LLMForge is a powerful Python package for text generation and reinforcement learning self-improvement with large language models. Built on PyTorch, it supports CPU, GPU (CUDA), MPS (Apple Silicon), and TPU devices.

Key Features

  • Multi-Device Support: Run models on CPU, CUDA GPUs, Apple MPS, or TPU with automatic device detection
  • Massive Model Support: Handle 400B+ parameter models with 4-bit quantization and intelligent offloading
  • Tensor Parallelism: Auto-shard large models across multiple devices
  • RL Self-Improvement: Improve outputs without fine-tuning using:
    • Self-critique (model critiques its own output)
    • Best-of-N sampling (generate N candidates, pick the best)
    • Iterative refinement (critique → improve → repeat)
    • Chain-of-thought verification
  • Streaming Generation: Real-time token streaming with stop word support
  • Hugging Face Integration: Easily use thousands of LLMs from the Hugging Face Hub
  • Thinking Filter: Filter model's internal reasoning (<think> / </think> tags)

Installation

With pip:

pip install llmforge

With uv:

uv pip install llmforge

From source:

git clone https://github.com/ZandrixAI/llmforge.git
cd llmforge
pip install -e .

Quick Start

Python API

from llmforge import InferenceEngine

# Create inference engine
engine = InferenceEngine("Qwen/Qwen3-0.6B")

# Streaming generation
print("Model: ", end="", flush=True)
for text in engine.generate("Explain quantum computing.", max_tokens=200):
    print(text, end="", flush=True)
print()

# Non-streaming
response = engine.generate(
    "What is Python?",
    max_tokens=100,
    temperature=0.7,
    top_p=0.9,
    stream=False
)
print(response)

RL Self-Improvement

from llmforge import RLEngine

# Create RL engine directly
rl = RLEngine("Qwen/Qwen3-0.6B")

# Generate with self-improvement
print("Model: ", end="", flush=True)
for text in rl.generate(
    "Explain gravity.",
    strategy="self_critique",
    max_tokens=200
):
    print(text, end="", flush=True)
print()

# Score text quality
scores = rl.score("Your generated text here", reference="Original prompt")
print(f"Quality scores: {scores}")

Chat API

from llmforge import InferenceEngine

engine = InferenceEngine("Qwen/Qwen3-0.6B")

messages = [
    {"role": "system", "content": "You are a helpful assistant."},
    {"role": "user", "content": "What is 2+2?"},
]

for text in engine.chat(messages, max_tokens=50):
    print(text, end="", flush=True)

Command Line

# Generate text
llmforge generate --model Qwen/Qwen3-0.6B --prompt "Hello, how are you?"

# Chat REPL
llmforge chat --model Qwen/Qwen3-0.6B

# Quantize and run large models
llmforge generate --model meta-llama/Llama-3-70B --bits 4

Configuration Options

Device Selection

from llmforge import InferenceEngine

# Auto-detect (default)
engine = InferenceEngine("Qwen/Qwen3-0.6B")

# Force specific device
engine = InferenceEngine("Qwen/Qwen3-0.6B", device="cuda")   # NVIDIA GPU
engine = InferenceEngine("Qwen/Qwen3-0.6B", device="mps")     # Apple Silicon
engine = InferenceEngine("Qwen/Qwen3-0.6B", device="cpu")    # CPU

Quantization & Offloading

from llmforge import InferenceEngine

# 4-bit quantization (reduces size by 4x)
engine = InferenceEngine("meta-llama/Llama-3-8B", bits=4)

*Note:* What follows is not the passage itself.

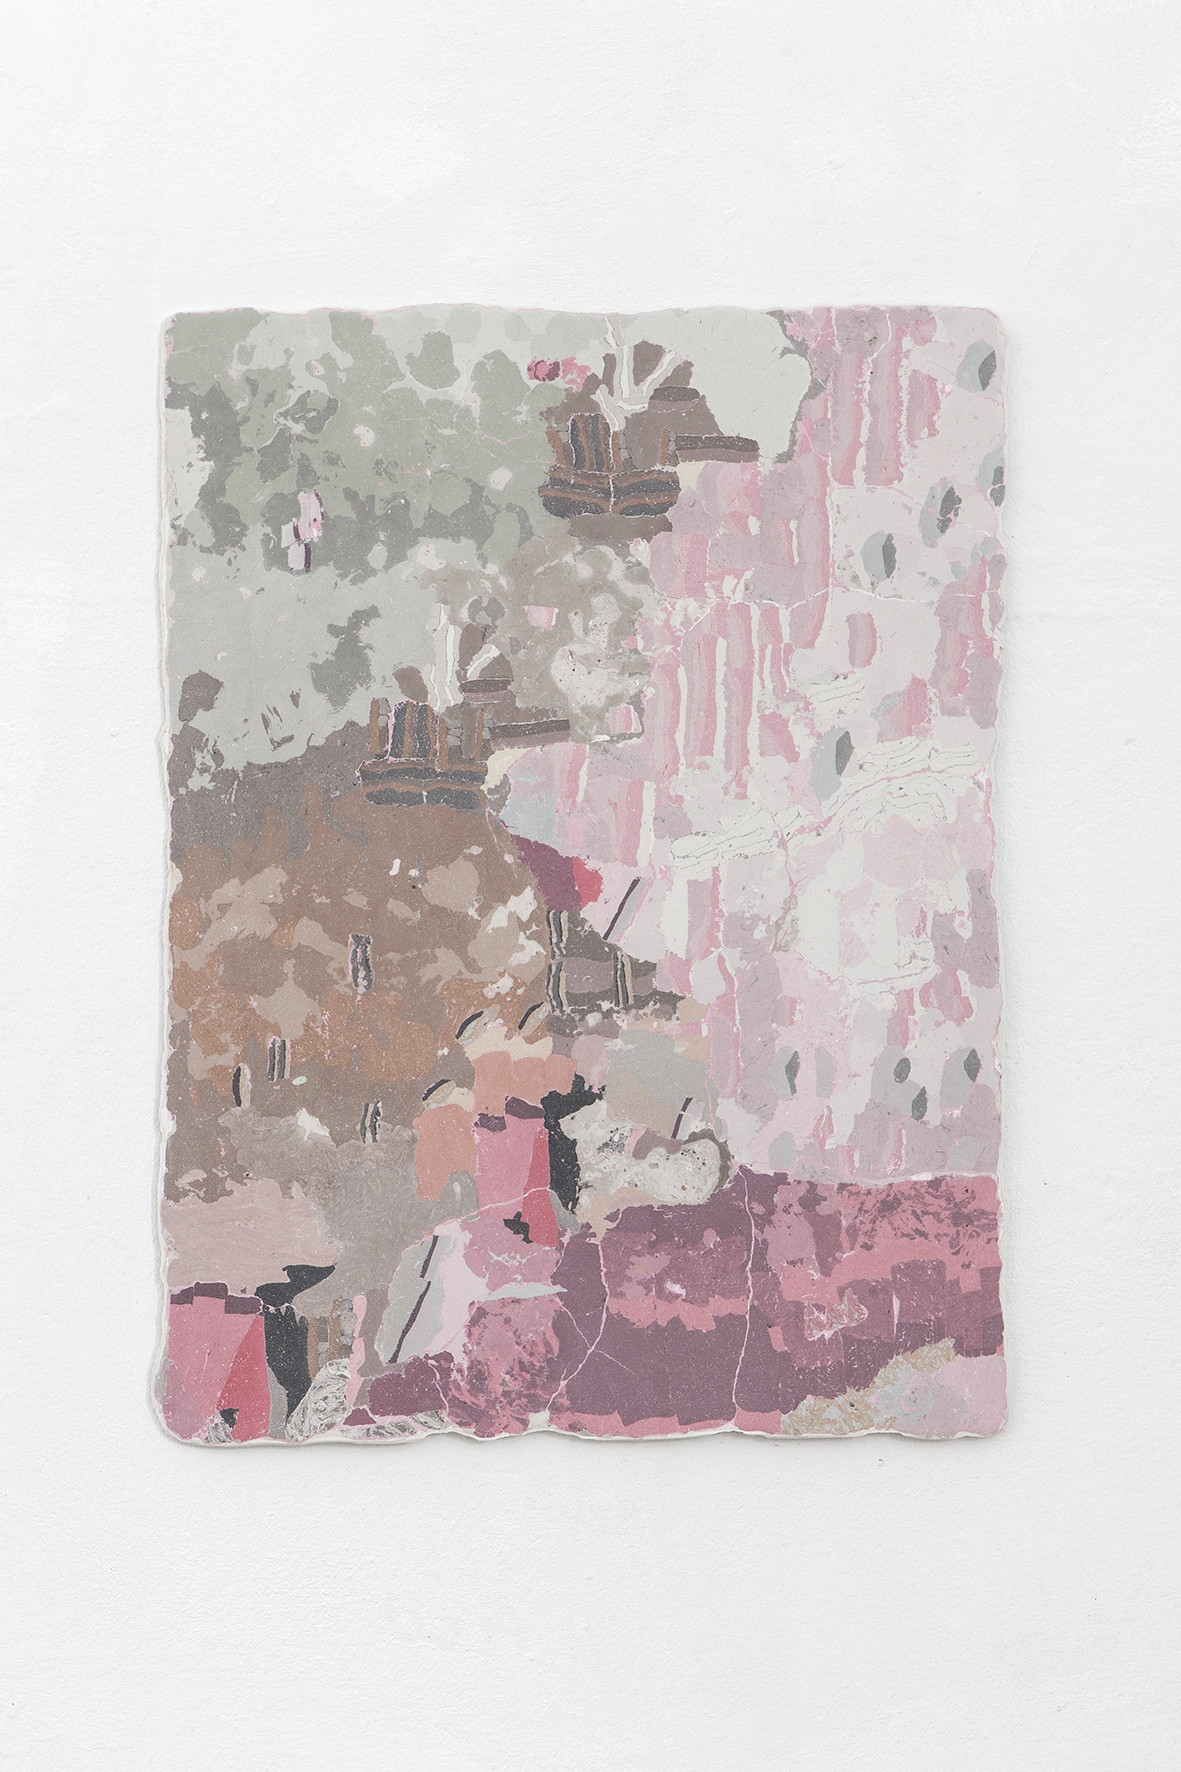 Heti Prack, Dagobert, 2021, 57 x 42 cm, Gypsum, pigments, bone glue

# Layer offloading for massive models (GPU ↔ CPU)
engine = InferenceEngine("meta-llama/Llama-3-70B", bits=4, offload=True)

# Use Accelerate for disk offloading
engine = InferenceEngine.from_pretrained(
    "meta-llama/Llama-3-405B",
    bits=4,
    use_accelerate=True
)

Generation Parameters

response = engine.generate(
    prompt="Your prompt here",
    max_tokens=512,           # Maximum tokens to generate
    temperature=0.7,          # Sampling temperature (0 = greedy)
    top_p=0.9,                # Nucleus sampling threshold
    top_k=50,                 # Top-k sampling
    repetition_penalty=1.1,   # Penalty for repeated tokens
    stop_words=["\n\n"],      # Stop on these strings
    enable_thinking=True,     # Show model's reasoning
    stream=True,              # Stream tokens
)

Architecture

BaseEngine
├── Device detection, model loading
├── Quantization (4-bit, 8-bit)
├── Tensor parallelism
├── KV cache management
│
└── InferenceEngine
    ├── Sampling (top-k, top-p, temperature)
    ├── Stop words, thinking filter
    ├── Streaming generation
    └── Chat API
        │
        └── RLEngine
            ├── QualityScorer (NLTK-based)
            ├── Best-of-N strategy
            ├── Self-critique strategy
            ├── Iterative refinement
            └── Chain-of-thought verification

Requirements

  • Python 3.8+
  • PyTorch 2.0+
  • transformers 5.0+
  • Additional dependencies listed in pyproject.toml

Examples

See the tests/ directory for example scripts:

  • quick_run.py - Basic inference
  • test_engine.py - Full engine API test
  • test_rl.py - RL self-improvement demo
  • test_devices.py - Multi-device support
  • test_quant_offload.py - Quantization and offloading

Acknowledgements

LLMForge is built upon the pioneering work of the MLX Community and draws significant inspiration from mlx-lm. We are grateful for their contributions to democratizing LLM inference on Apple Silicon.

Specifically, we acknowledge:

  • Apple MLX Team: For creating the MLX framework that inspired this PyTorch port
  • MLX-LM Community: For the foundational inference code and model implementations that made this project possible
  • Hugging Face: For the Transformers library and model hub integration
  • PyTorch Team: For the underlying deep learning framework
  • MLX Community: For the extensive collection of optimized models in the MLX Community Hub
  • NLTK Project: For natural language processing tools used in quality scoring
  • All contributors to open-source LLM research and tooling

License

This project is licensed under the LLMForge Commercial License - see the LICENSE file for details.

This license allows you to:

  • ✅ Use for personal or commercial purposes
  • ✅ Modify and create derivative works
  • ✅ Re-sell the software

With the condition that if you redistribute or sell the software, you must include prominent acknowledgment: "This product includes LLMForge technology by ZandrixAI".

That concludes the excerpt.